Durante la due giorni online “Learning with Google” del 17 e 18 febbraio Big G ha infatti annunciato oltre 50 tra affinamenti e nuovi strumenti all’interno di Classroom, tra i quali citiamo subito alcune funzionalità utili agli insegnanti: la possibilità di disattivare tutti i microfoni della classe con un solo click durante una sessione di Meet. Ma c’è anche molto altro, come la possibilità di aggiungere strumenti add-on, o quella di ottenere statistiche avanzate e di tenere sincronizzato il registro elettronico. Si tratta, in gran parte, di nuovi strumenti dedicati più agli insegnanti che agli alunni e che debutteranno entro fine 2021.

 

Le novità di Google Meet

Uno dei problemi principali di Meet, quando usato per la Didattica a Distanza, è il fatto che quando l’insegnante chiude la videochiamata lo sta facendo solo per sé stesso: ogni alunno partecipante, infatti, resta collegato finché non preme sull’icona a forma di cornetta del telefono.

Per questo è in arrivo una funzionalità tanto semplice quanto necessaria: la possibilità di chiudere la chiamata per tutti, contemporaneamente, con un solo click. Sempre con un solo click l’insegnante potrà a breve impostare il “mute” per tutti gli alunni. Queste funzionalità arriveranno nelle prossime settimane.

Nei prossimi mesi, invece, gli insegnanti potranno scegliere chi può entrare nella videochiamata e potranno condividere lo schermo e usare la chat anche da dispositivi mobili, sia Android che iOS, e non solo da PC come succede oggi.

  • Termina chiamata per tutti*. Gli insegnanti potranno terminare gli incontri per tutti i presenti, impedendo così agli studenti di rimanere all’interno dopo che se ne sono andati.
  • Reazioni con le emoticon*. Questa funzione rende più facile per gli studenti partecipare ed esprimersi con le reazioni emoji su Meet.
  • Integrazione con Google Classroom*. Classroom e Meet funzioneranno ancora meglio. Ogni riunione Meet creata da Classroom sarà più sicura per impostazione predefinita: quando le riunioni verranno generate da Classroom, gli studenti non potranno partecipare prima dell’insegnante, mentre Meet saprà anche chi si trova nell’elenco di Classroom, quindi solo gli studenti e gli insegnanti della classe possono partecipare.
  • Trascrizione della riunione**. In questo modo, si potranno condividere facilmente le trascrizioni con gli studenti, rivedere ciò che è stato discusso durante la lezione o tenere un registro per consultazioni future.

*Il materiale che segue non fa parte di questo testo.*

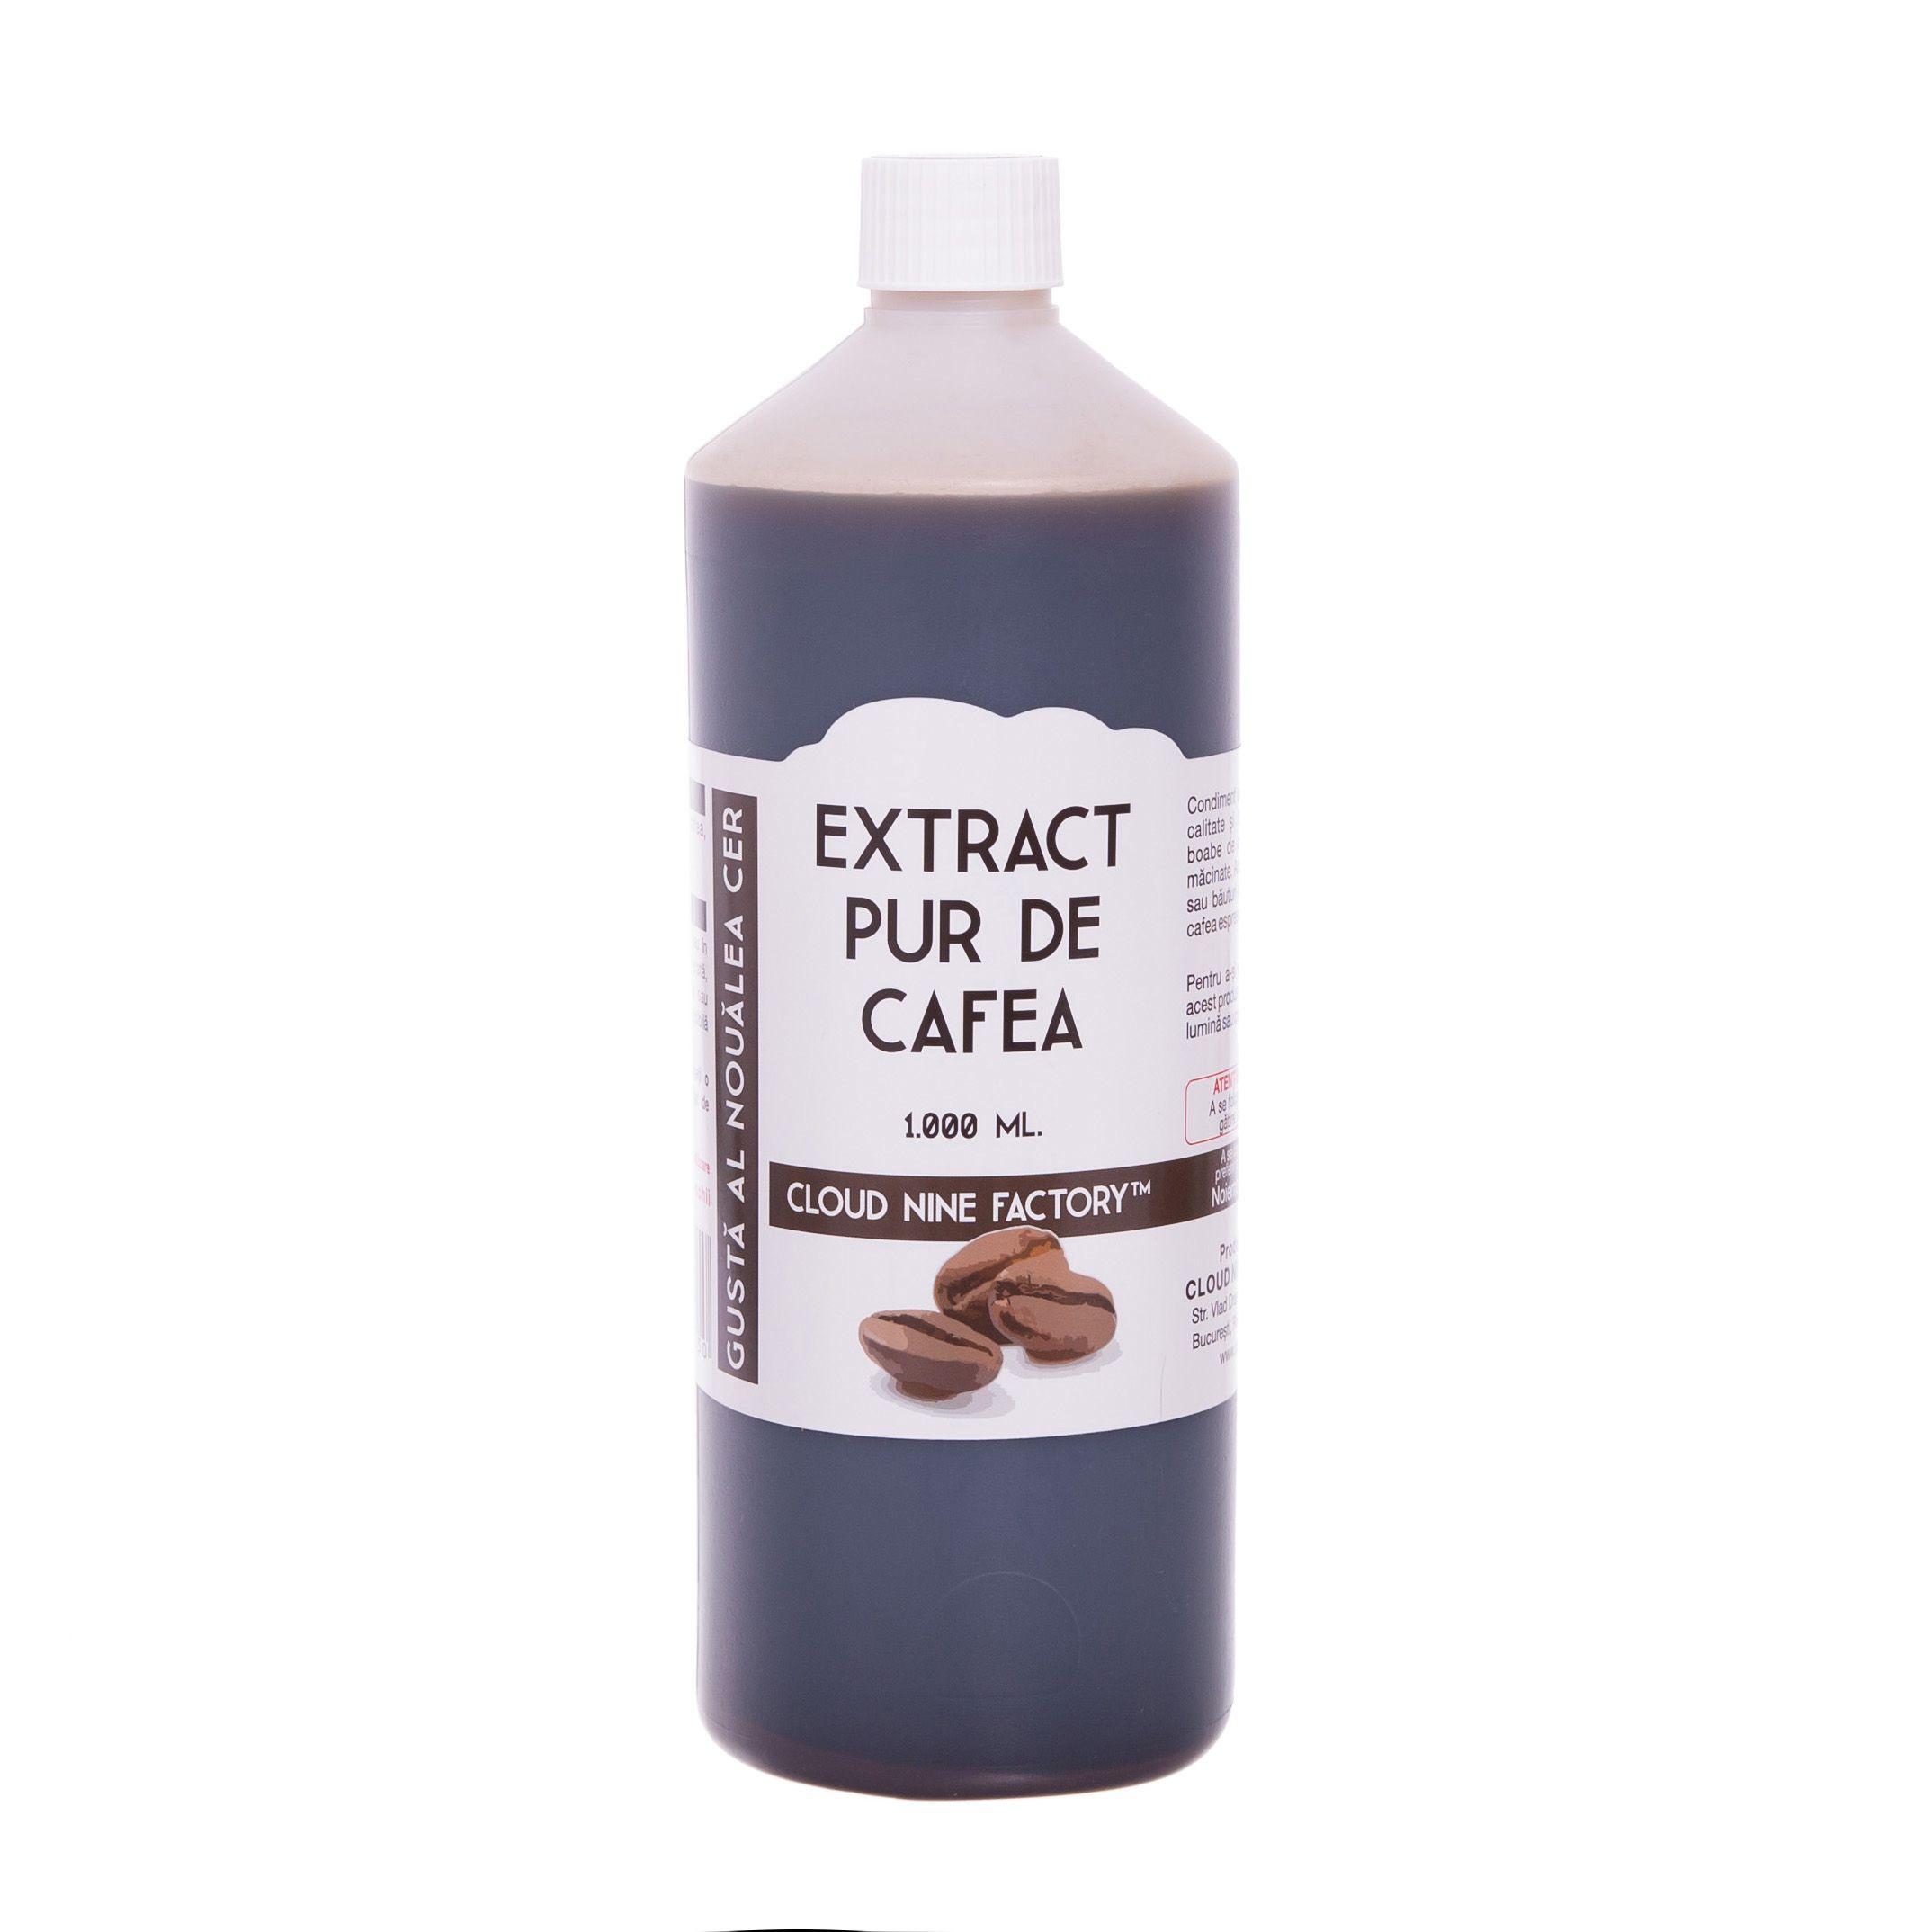 Extract Pur de Cafea (1.000 ml.) extract pur de cafea (1.000 ml.) - IMG 2656 - Extract Pur de Cafea (1.000 ml.) Extract Pur de Cafea - IMG 2656 - Extract Pur de Cafea

* Incluso nella versione Fundamentals.

** Incluso nelle versioni Education Plus e Teaching and Learning Upgrade.

 

Google Classroom: cosa c’è di nuovo

In Classroom troveremo più strumenti, controlli e funzionalità per aiutare gli studenti a imparare da qualsiasi luogo, oltre a semplificare il lavoro per gli insegnanti. Alcune di queste nuove funzionalità sono:

  • Sincronizzazione elenco*. Permetterà di sincronizzare gli elenchi direttamente con Classroom dal sistema scolastico.
  • Monitoraggio del coinvolgimento degli studenti**. Consentirà ai docenti di vedere statistiche rilevanti su come gli studenti interagiscono con Classroom.
  • Modalità offline**. Classroom potrà essere utilizzato senza una connessione Internet per gli studenti o le scuole con connettività limitata.
  • Integrazione di strumenti di terze parti con plug-in Classroom***, come Kahoot, Nearpod o Adobe.

* Incluso nella versione Education Plus.
** Incluso nella versione Fundamentals.
*** Incluso nelle versioni Education Plus e Teaching and Learning Upgrade.

Altra novità importantissima sarà la possibilità data agli studenti di fare foto a una o più pagine del quaderno, scritte a mano, e di inviarle all’insegnante. L’app poi unirà tutte le pagine in un solo Pdf prima di inviarlo all’insegnante.

 

Originality Reports in lingua italiana

Uno degli strumenti più utili nella versione americana di Google Classroom è Originality Reports, un sistema che permette agli studenti di inserire citazioni all’interno dei loro elaborati, ma permette anche agli insegnanti di avere un report automatico sulla percentuale di testo copiato presente nel testo.
In pratica un rapporto che svela automaticamente se lo studente ha copiato. Presto questa funzione sarà disponibile in 15 lingue diverse, compreso l’italiano.